Ia mengungkapkan, sebagaimana polisi akan usut aktor di balik pembuatan spanduk reaktif tentang tak shalatkan jenazah pendukung penista agama, harusnya polisi juga proaktif usut aktor di balik pemalsuan tanda tangan Anies-Sandi dan penyebaran berita hoax alias fitnah tersebut.
Hal itu, lanjut dia, agar rakyat Jakarta masih percaya bahwa polisi benar-benar mengayomi masyarakat, netral dan tak berpihak, juga agar demokrasi melalui pilgub di Jakarta ini tak berubah jadi democrazy.
''Meskipun fitnah serperti ini insya Allah tak berguna dan berpengaruh papa elektabilitas Anies-Sandi, sebab rakyat Jakarta sudah hafal karena berulangkali Anies-Sandi dilaporkan dan difitnah tapi selalu terbukti bahwa itu hanyalah fitnah alias berita bohong,'' ujarnya.
Menurut dia, fitnah jelas tak positif untuk kembangkan budaya politik beretika dan berkualitas. Fitnah dapat hadirkan pemimpin tak beretika dan berkualitas juga. ''Negara sudah kucurkan triliunan rupiah, jangan sampai hasilnya hanyalah pemimpin rendahan karena didukung oleh proses fitnah dan pelanggaran hukum yang dibiarkan,'' ujarnya.

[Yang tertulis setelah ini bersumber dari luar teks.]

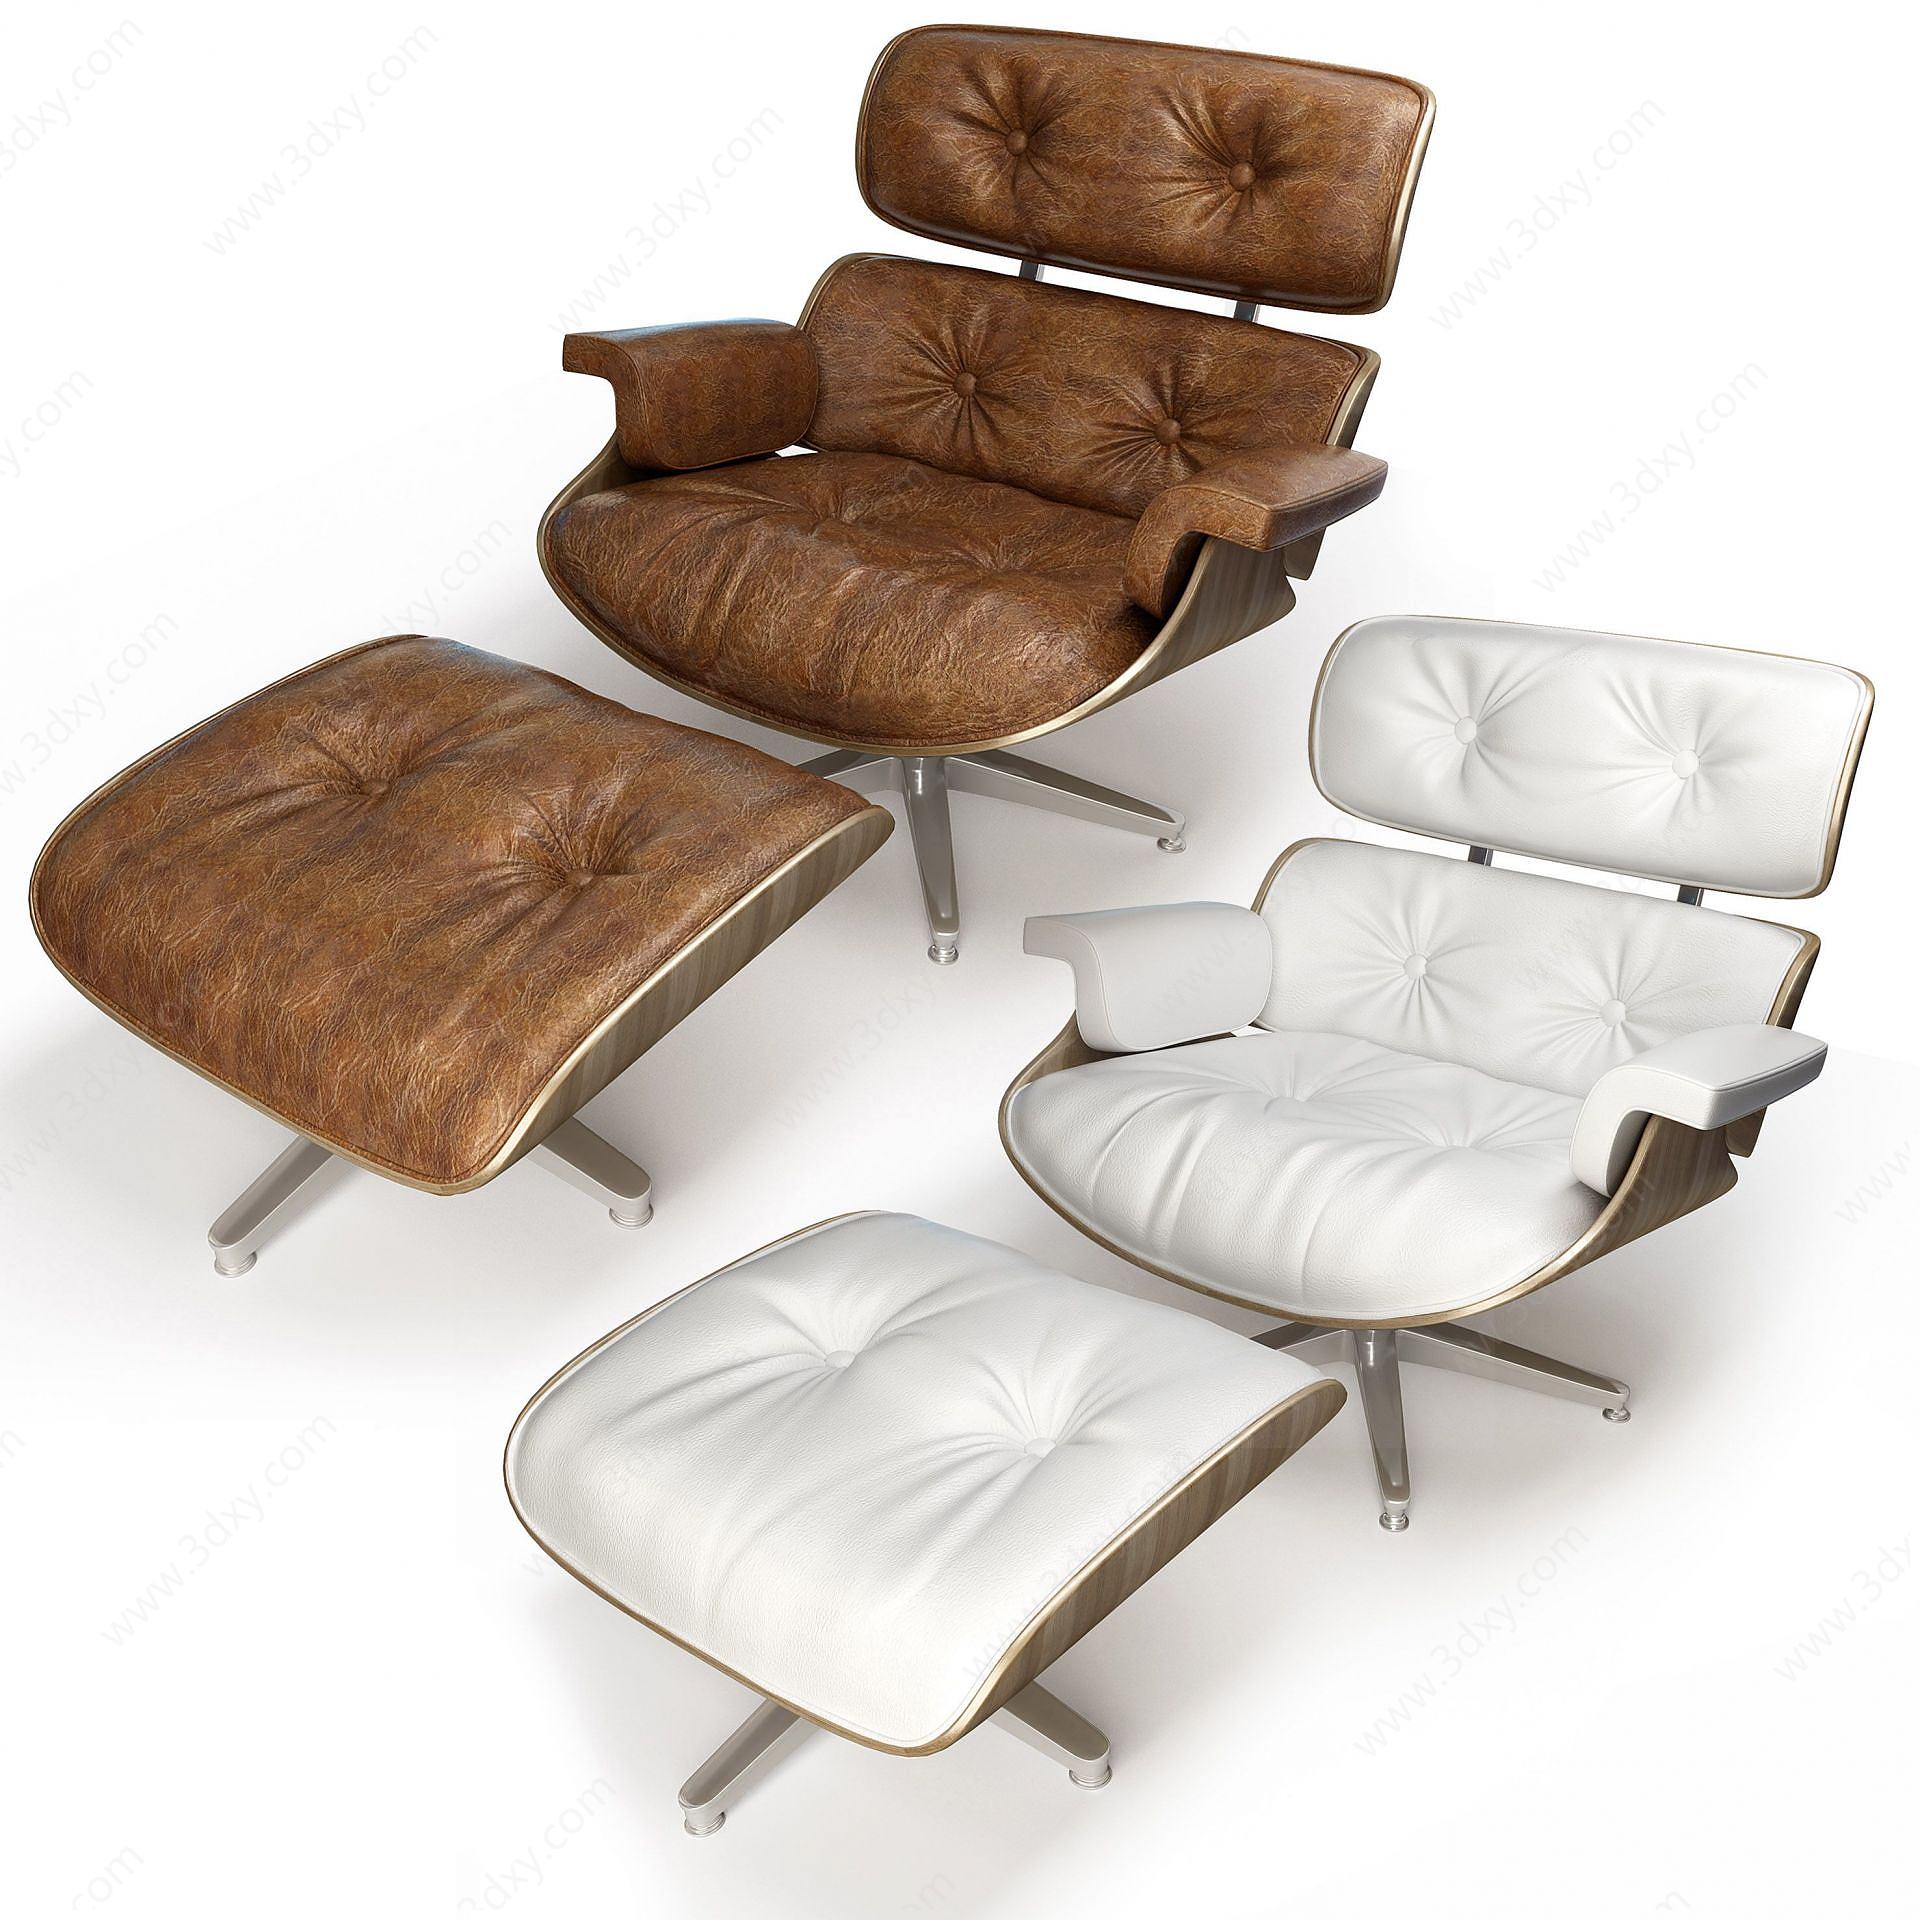 现代休闲躺椅椅凳3D模型
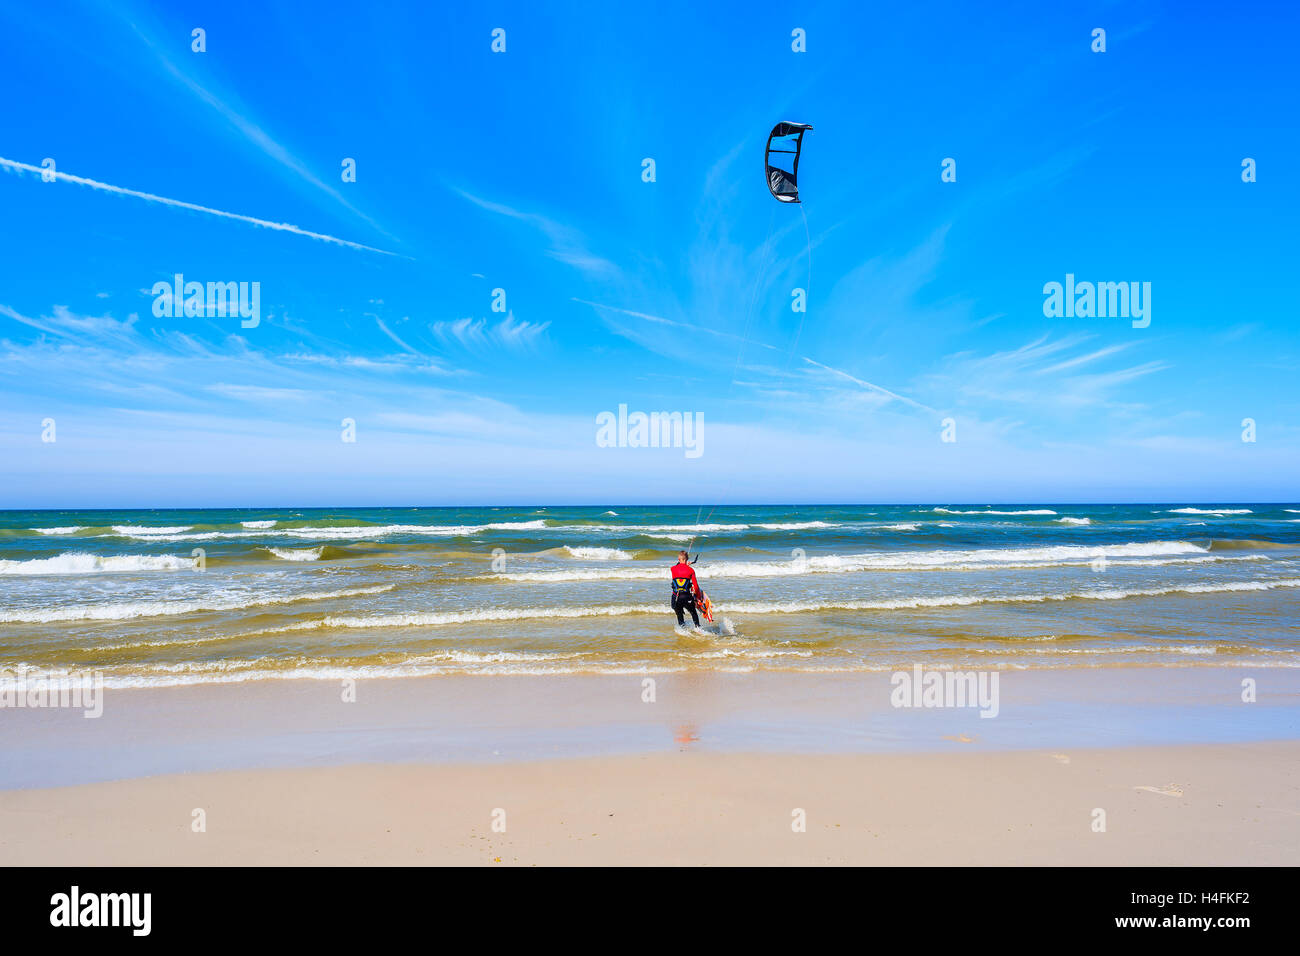 Kitesurfer vela sul blu del mare con onde in Bialogora villaggio costiero, Mar Baltico, Polonia Foto Stock

Sebelumnya, sebuah foto yang menampilkan secarik kertas dengan judul "Akad Kontrak - 'AQD AL ITTIFAQ" beredar di media sosial. Di situ, terdapat tanda tangan yang mengatasnamakan Anies, juga pasangannya, Sandiaga Uno. Juga tandatangan perwakilan Hizbut Tahrir Indonesia (HTI) Kiai Haji Ismail Yusanto, Forum Umat Isam (FUI) Kiai Haji Muhammad al-Khaththath, dan Dewan Dakwah Islamiyah Indonesia (DDII) Muhammad Sidik.